Sent from my iPhone using Tapatalk


----------



## DAC350 (Aug 25, 2014)

I went with 18's from oewheels, there's even a code (OEW4ALL-WS) for $25 off and their prices are already pretty good.


----------



## crp123 (Jul 10, 2015)

Anyone in Ontario, Canada have any recommendations of source and product?


Sent from my iPhone using Tapatalk


----------



## frakseno (Jun 2, 2015)

I got these wheels with these tires for my Daytona Grey S3.


----------



## rosmakloma (May 14, 2015)

I've been looking at these for a winter wheel - with a set of BLIZZAK LM-32:


----------



## sevenVT (Aug 18, 2004)

17" ASA GT8 wrapped in Blizzak, we get snow in Vermont and by Feb every year the roads could've been in better shape during the Roman empire, so more rubber the better.


----------



## froi (Aug 14, 2015)

I'm curious too. I'm up in Alberta and we get a lot of snow. I have the 19" option as well. I hear people running 17s with no issues. What are the specs on them 17X8 with a particular offset?


----------



## Leke (Jul 29, 2013)

crp123 said:


> Anyone in Ontario, Canada have any recommendations of source and product?
> 
> 
> Sent from my iPhone using Tapatalk





rosmakloma said:


> I've been looking at these for a winter wheel - with a set of BLIZZAK LM-32:


I picked up a similar set of these from Z Racing in Mississauga late last fall. They deal almost exclusively with replica wheels, which are fine by me as they're just for winter. 

They also have a ton of wheel and tire packages, so you can upgrade to a better quality tire if you choose. I believe mine are 18x8, I want to say a +35 offset but I can't remember. They're much more "flush" than my OEM 19s.


----------



## crp123 (Jul 10, 2015)

Can I ask how much you paid for those at ZRacing? What tires?


Sent from my iPhone using Tapatalk


----------



## Antariusz (Nov 19, 2014)

Those wheels are great (The Andros, I have them on my A3, they are great because they are super easy to keep clean in the winter) ... but don't compromise on a winter tire... unless you live in someplace like... Virginia or something that doesn't have a "real" winter.

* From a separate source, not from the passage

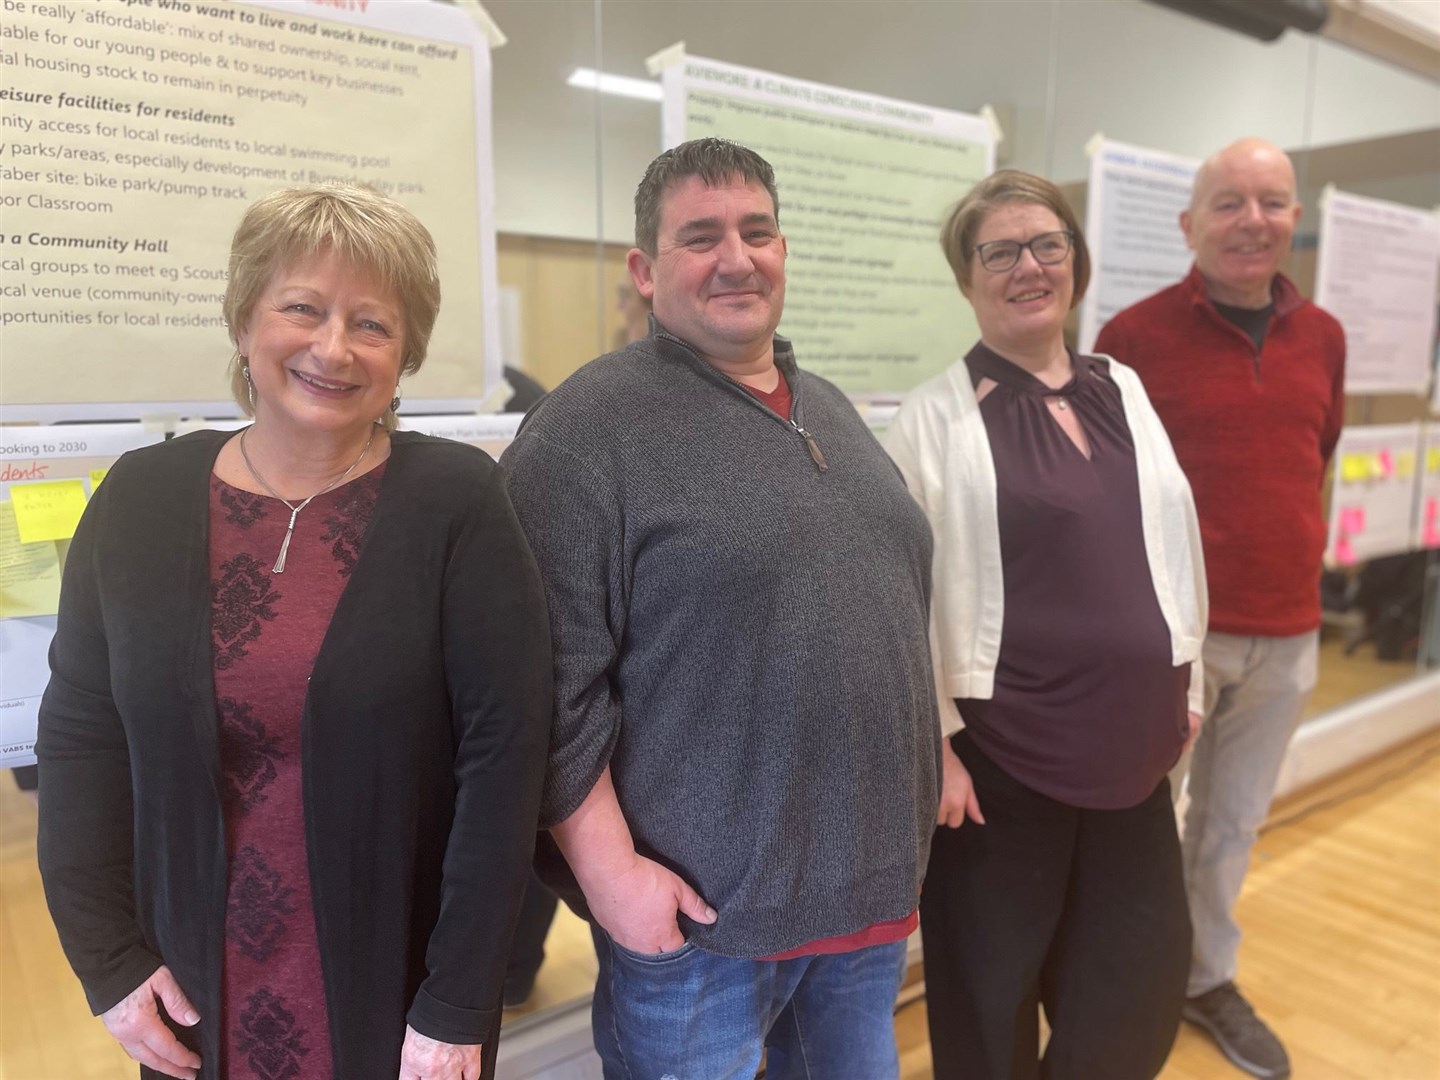 Karen Derrick, Al Dargie, Kathleen Cameron, chair of Aviemore Community Enterprise Ltd and Peter Long, also from the community council and ACE at the Community Action Plan consultation.

The LM series Blizzak just doesn't even come close to the ws Blizzak tires. They might not have any for sale right now because it's the middle of summer... Most winter tires don't start becoming available for a few more weeks... But I LOVE the WS80s.. I had LM25s and HATED them.


----------



## rosmakloma (May 14, 2015)

Antariusz said:


> Those wheels are great (The Andros, I have them on my A3, they are great because they are super easy to keep clean in the winter) ... but don't compromise on a winter tire... unless you live in someplace like... Virginia or something that doesn't have a "real" winter.
> 
> The LM series Blizzak just doesn't even come close to the ws Blizzak tires. They might not have any for sale right now because it's the middle of summer... Most winter tires don't start becoming available for a few more weeks... But I LOVE the WS80s.. I had LM25s and HATED them.




Good feedback - thanks


----------



## soulflyer (Feb 18, 2012)

froi said:


> I'm curious too. I'm up in Alberta and we get a lot of snow. I have the 19" option as well. I hear people running 17s with no issues. What are the specs on them 17X8 with a particular offset?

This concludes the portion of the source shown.